Would you please repeat, word for word, only the lines from the one holding "Жителей Башкирии приглашают" through the one holding "No attitude" in the material below, without the pictures?

Supplied data:
^^^^^^^^

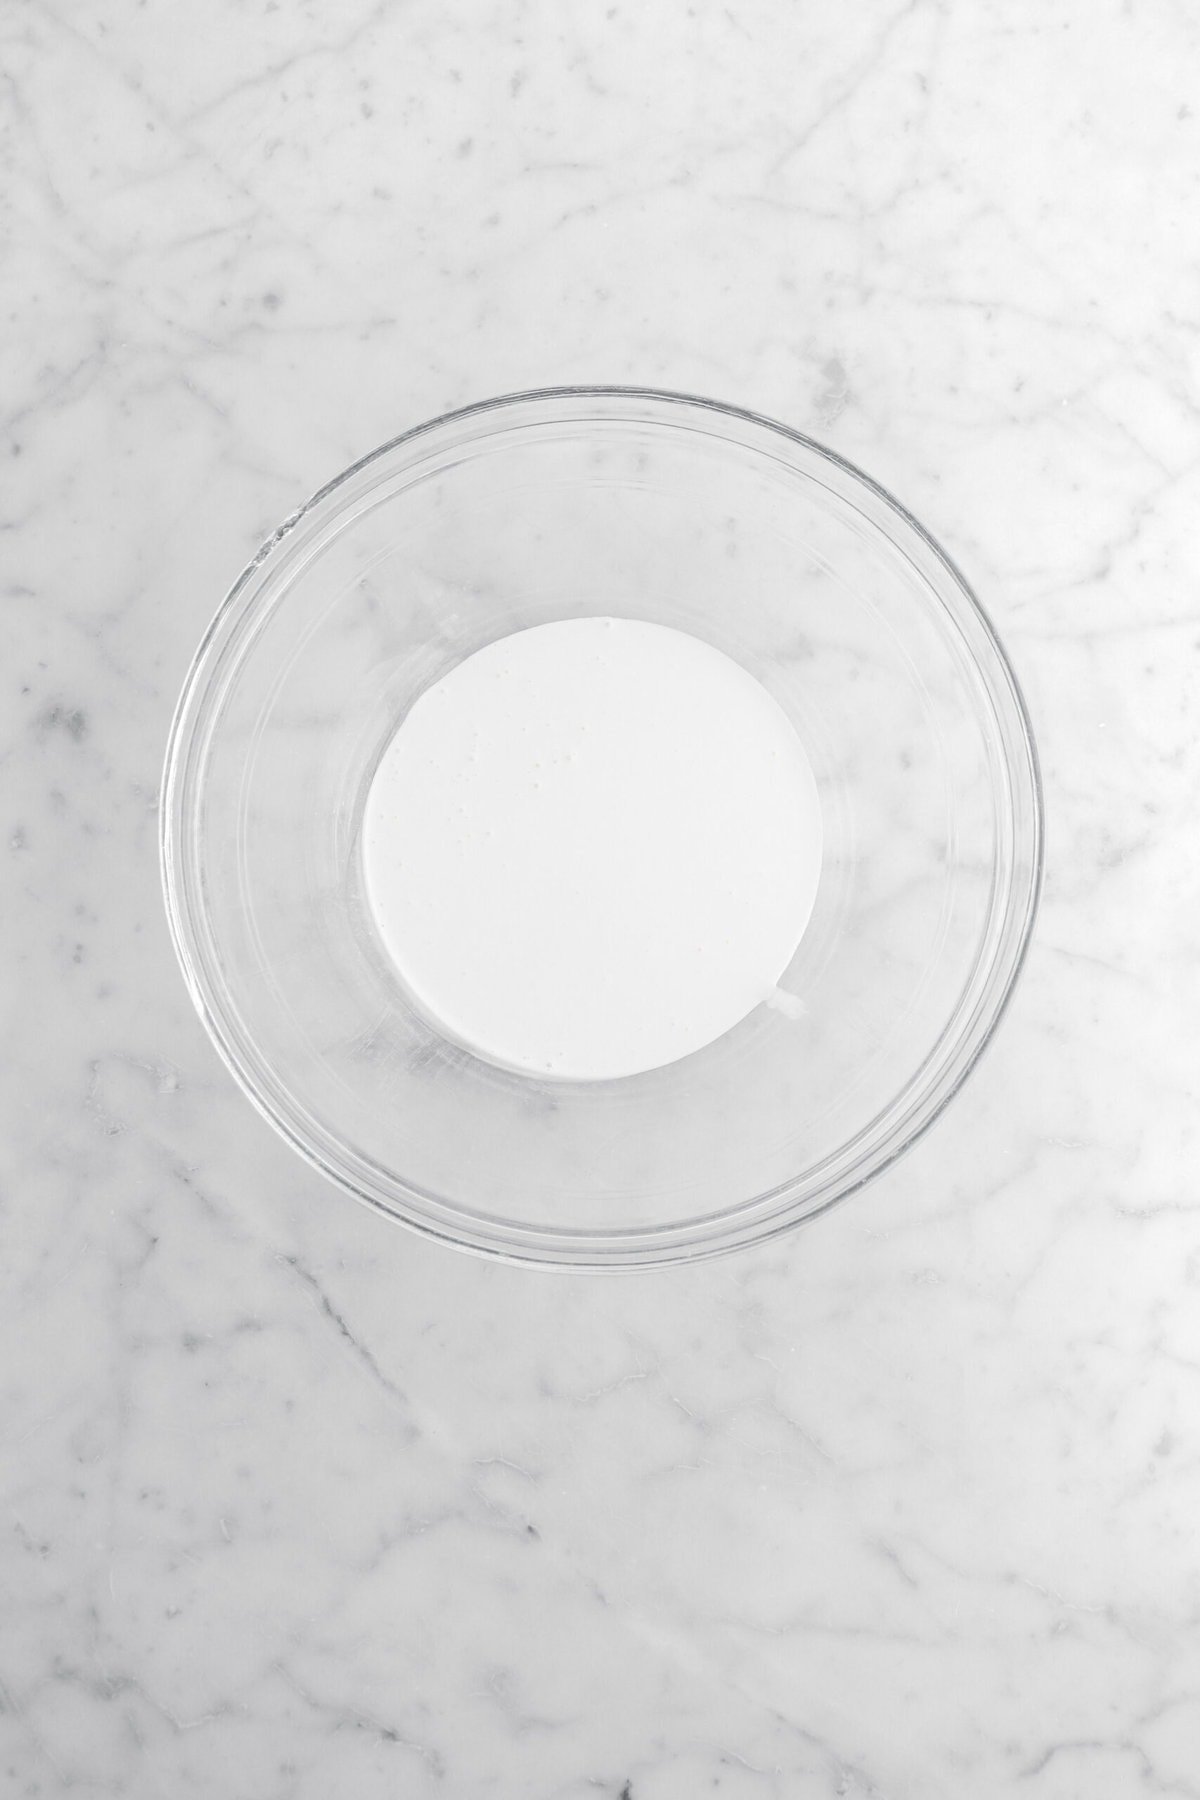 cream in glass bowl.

^^^^^^^^

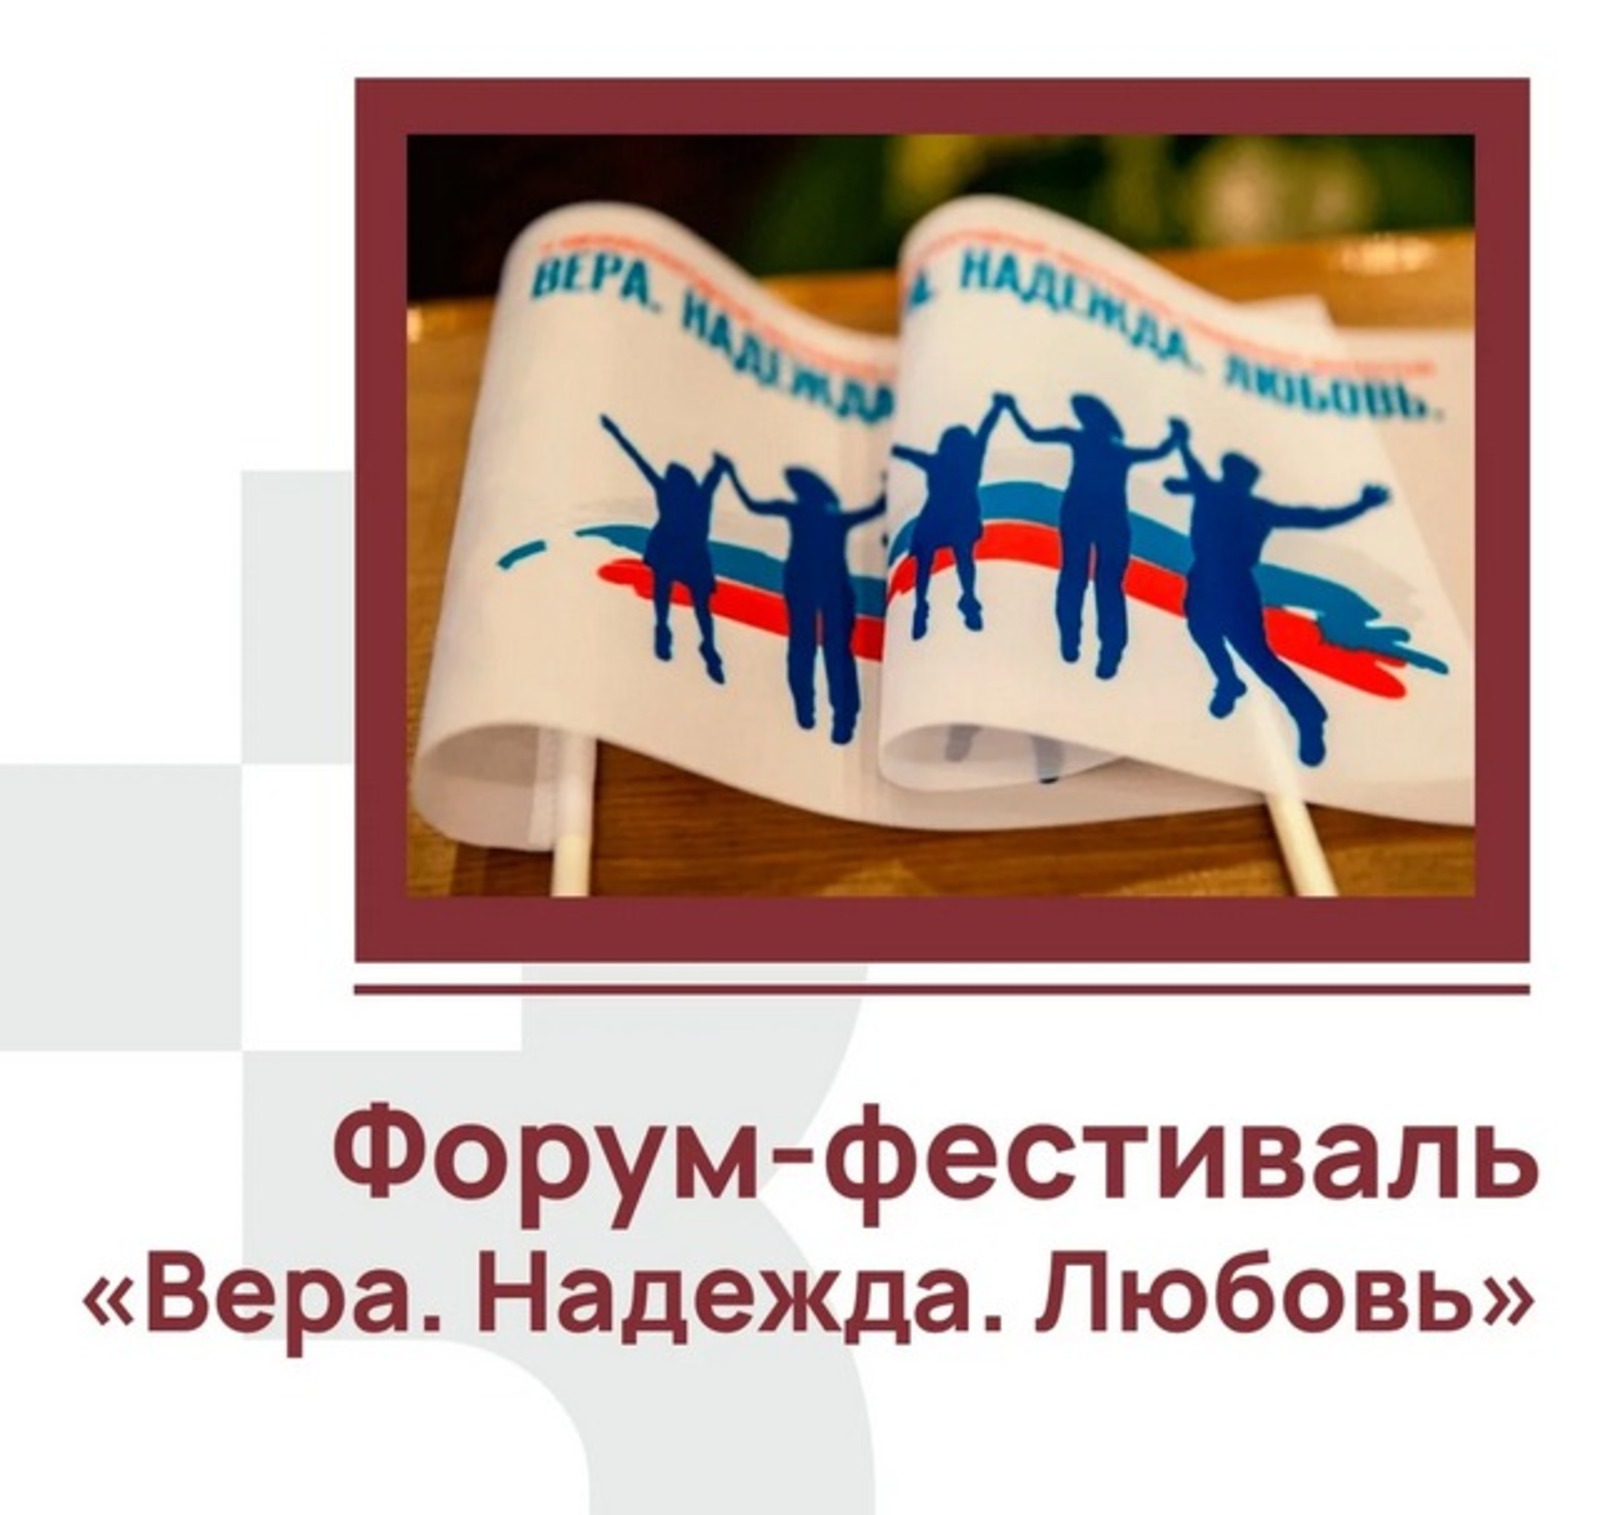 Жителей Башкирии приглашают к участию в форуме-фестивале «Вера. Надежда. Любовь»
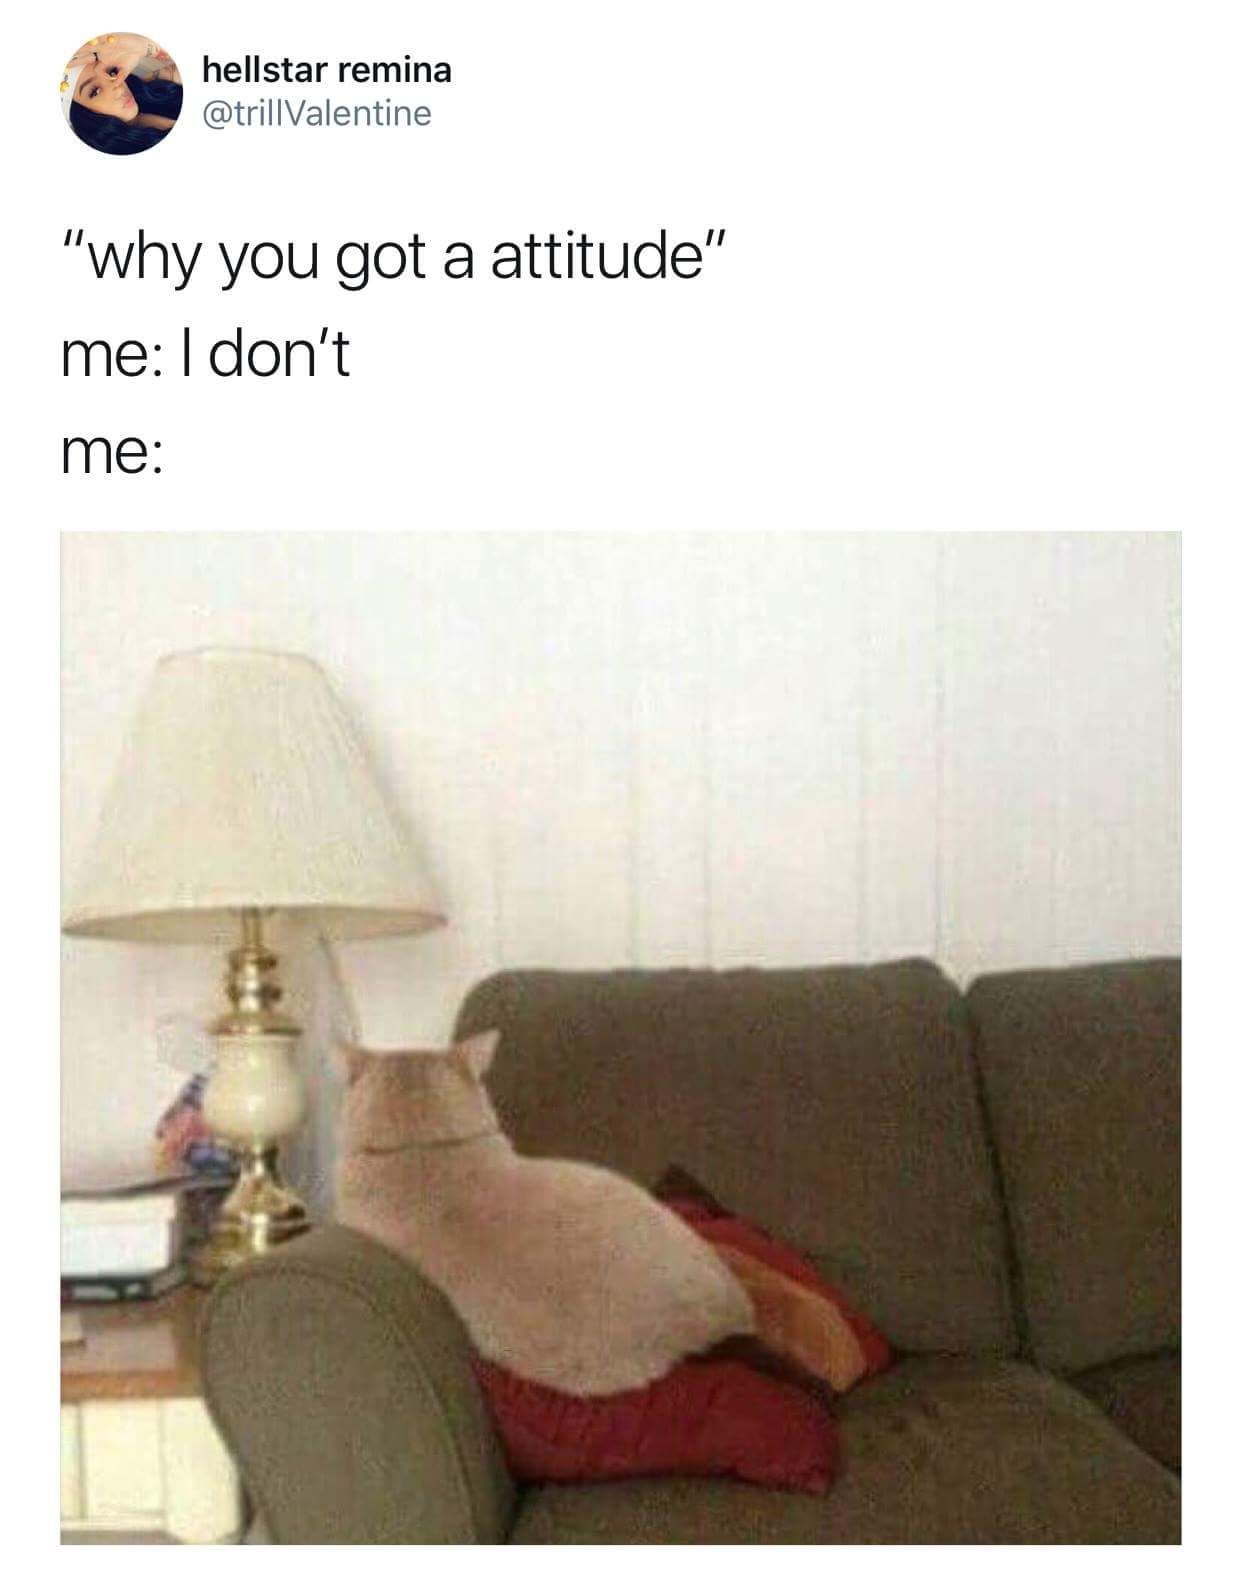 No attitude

^^^^^^^^

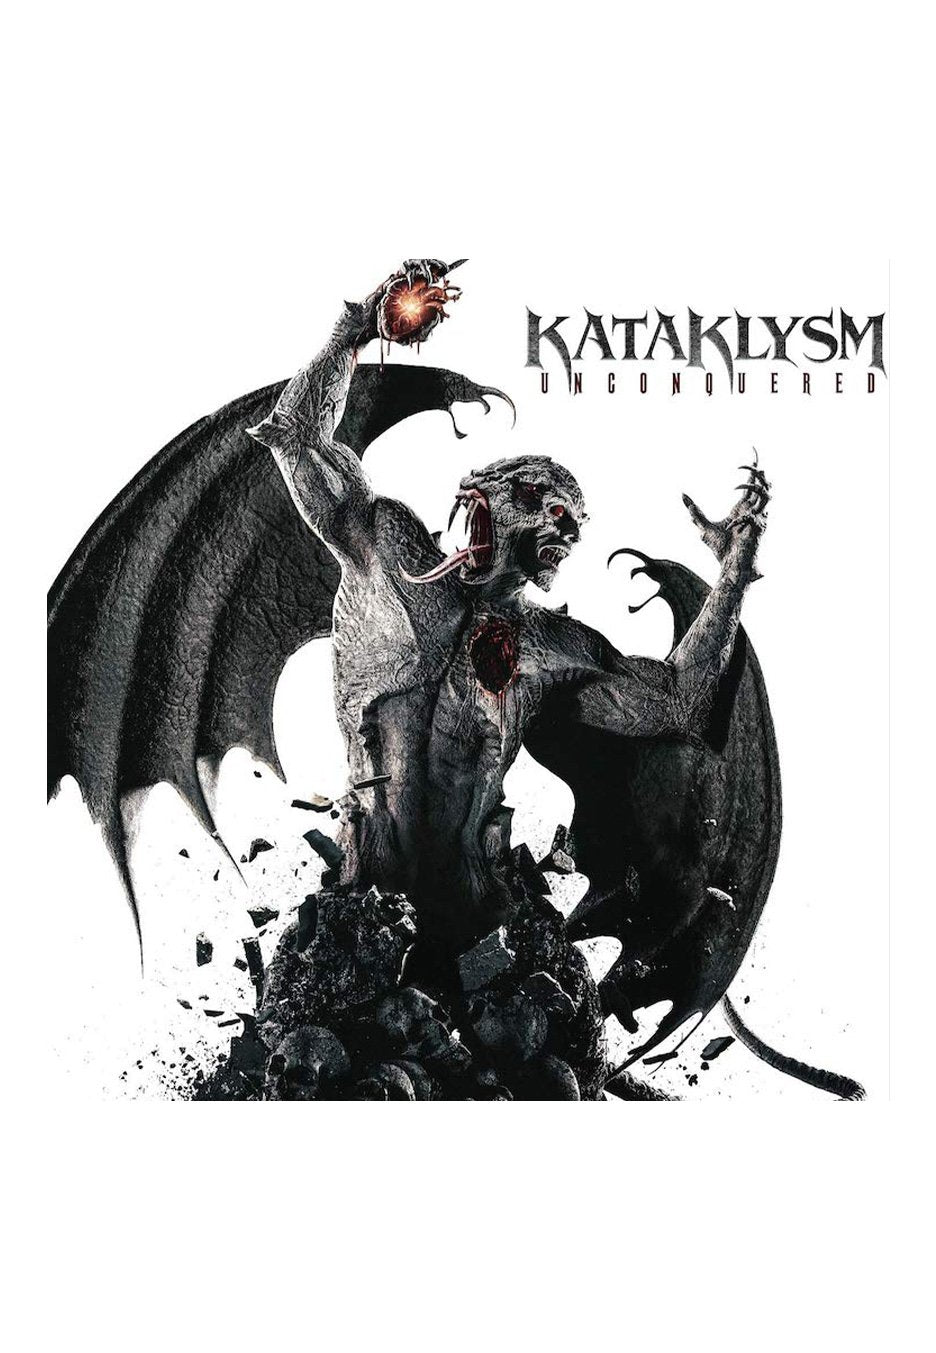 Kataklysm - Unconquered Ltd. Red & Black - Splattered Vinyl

^^^^^^^^

Solution to this exercise:
 Жителей Башкирии приглашают к участию в форуме-фестивале «Вера. Надежда. Любовь»
 No attitude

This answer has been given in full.